To prevent replay attacks, users associate their $PC$ with the $pk$. (such as $PC = (claim, pk, \pi)$)

Master credential issuance

Deduplication: CanDID committee stores registered users’ attributes in a table which is called the $\mathrm{IDTable}$.

• $U$ presents a set of pre-credentials ($PCS_U$) to the committee.

• The committee checks if $PCS_U$ matches any entry in the $\mathrm{IDTable}$.

• If no information is there, then the committee issues a master credential and adds the user information to the $\mathrm{IDTable}$.

1. Deduplication Process:

   In CanDID, we have to use some attributes using which deduplication can be done. The authors have achieved this by using unique identifiers such as SSNs. This method provides strong Sybil-resistance within a given population. Each committee node stores locally $\mathrm{IDTable} = \{PRF(sk^c, v_U)\}$, where $v_U$ is a unique identifier and $sk^c$ is a secret key distributed across committee members. When a new user wants to join CanDID, the committee members evaluate and check if $\bar{v} = PRF(sk^c, v_U)$ is inside the $\mathrm{IDTable}$. If it is not present, then a master credential for $U$ is created. To ensure that the committee members do not learn about the value $v_U$, $PRF$ is evaluated using MPC (discussed later).

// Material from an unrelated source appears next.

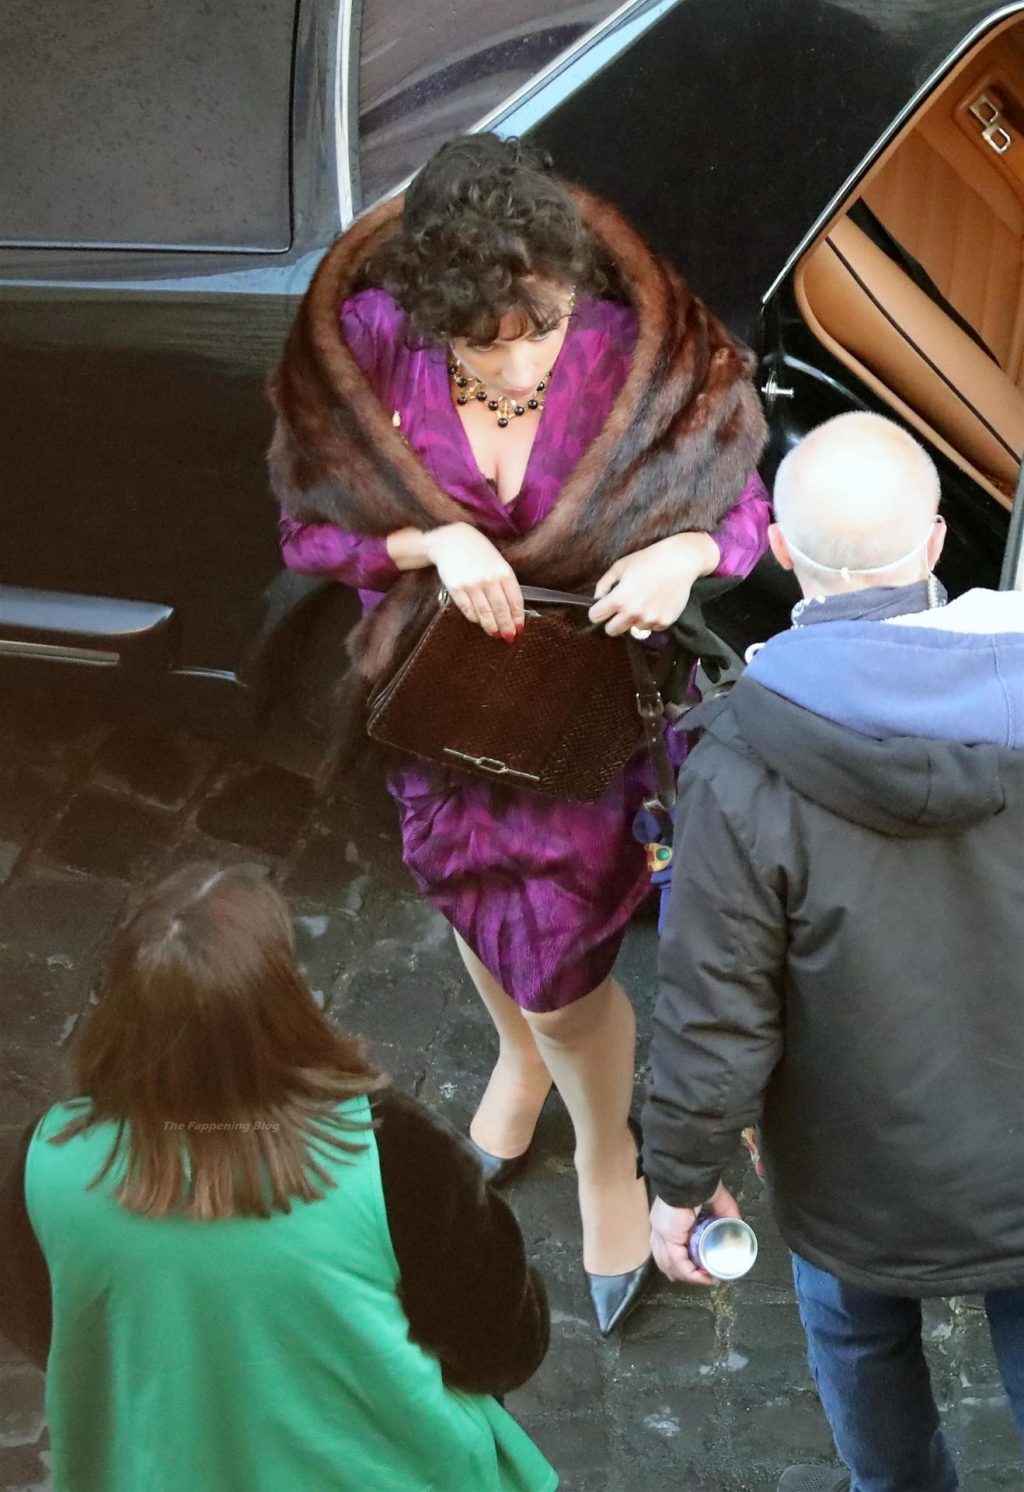 Lady Gaga is in Character Spotted on Set Shooting a Scene From the New Movie “House of Gucci” (46 Photos)

   A limitation of this approach is that it requires users to have unique identifiers which might not be present in many countries. Another way of doing it is by obtaining deduplication parameters using common identifiers such as names and addresses. In addition, this approach poses some threats when implemented. For example, if the system needs multiple pre-credentials from the user for accepting an attribute, then this provides an opportunity for an adversary to compromise multiple accounts of a user.

2. Protocol Details: $\alpha$ is the attribute over which deduplication has been done.
   1. System Setup:
      1. $n$ nodes - $\{C_1, C_2, C_3, …, C_n\}$
      2. Committee members use a threshold signature scheme $TS = (KGen, Sig, Comb, Vf)$
      3. This scheme generates $(pk^c, sk^c)$ where $pk^c = (pk^c_{sig}, pk^c_{prf})$ and $sk^c = (sk^c_{sig}, sk^c_{prf})$. Each of the $n$ nodes knows $pk^c_{sig}$ and $pk^c_{prf}$. For the secret key, committee member $C_i$ holds $sk^c_{sig, i}$ and $sk^c_{prf, i}$ where these keys form a share of the corresponding secret keys.
      4. Each committee node initializes a local table $\mathrm{IDTable} := \empty$.
      5. $[v]$ denotes a sharing of $v$ and $C_i$ has $v_i$ such that $v = \sum_i{\lambda_iv_i}$, where $\lambda_i$ depicts the Lagrange’s coefficients.
      6. $y \leftarrow f([x])$ depicts the MPC evaluation of $f$ over secret-shared input $x$.
      7. CanDID uses a secure MPC protocol based on Beaver triples to evaluate $PRF([sk^C_{prf}], .)$.
      8. Committee generates secret-shared random blinding factors and commitments $\{[b_i], g^{b_i}\}$.
      9. They have used MP-SPDZ framework for implementation.
   2. Pre-credential generation: Let $v$ denote the ideal value for $\alpha$ for $U$. Let $claim = (\alpha, \mathrm{C}_v)$, where $\mathrm{C}_v = com(v, r)$ is a commitment to $v$ with a witness $r$.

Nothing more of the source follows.